15. The agent or formulation for use according to claim 14, wherein the step of exposing the subject to light (step (ii)) is performed within 60 minutes after the step of administering the agent or formulation to the subject (step (i)).

16. The activating agent is administered in a dose of 10 μM or more, the activating agent or formulation for use according to any one of claims 13 to 15.

17. The agent or formulation for use according to any one of claims 13 to 16, wherein the agent or formulation is administered by infusion.

18. An in vitro method for reducing and / or preventing the growth of microorganisms, (i) A step of bringing the agent according to any one of claims 1 to 10 or the formulation according to claim 11 into contact with the growth of microorganisms or a surface, (ii) A step of growing the microorganism or exposing the surface to light having a wavelength that can cleave the photocleavable group, Methods that include...

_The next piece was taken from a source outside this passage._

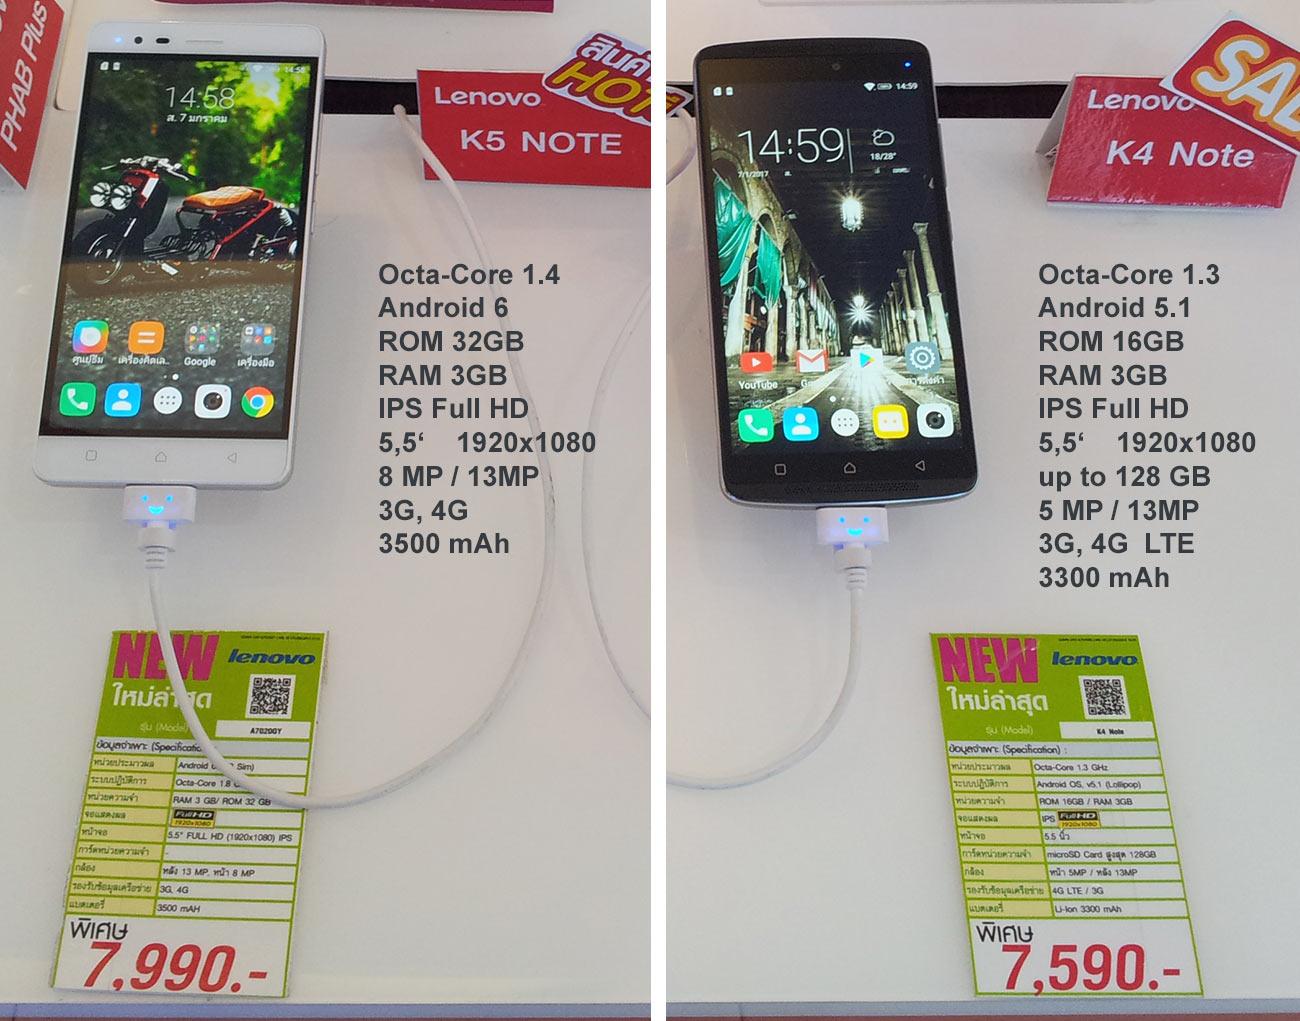 смартфоны Lenovo K4 и K5 Note

19. The use or method described above further comprises the step of pre-treating the agent with a transfection reagent prior to step (i), the agent or formulation for use according to claim 14 or claim 15, or, if dependent on claim 14, claim 16 or claim 17, or the method according to claim 18.

20. Pretreatment of the aforementioned agent is to (a) Precomplex reagents with an optional ratio of activator to precomplex reagent of 30:1 to 70:1, and (b) Transfection reagents in an optional ratio of agonist to transfection reagent between 10:1 and 30:

1. The method according to claim 19, comprising processing in a manner.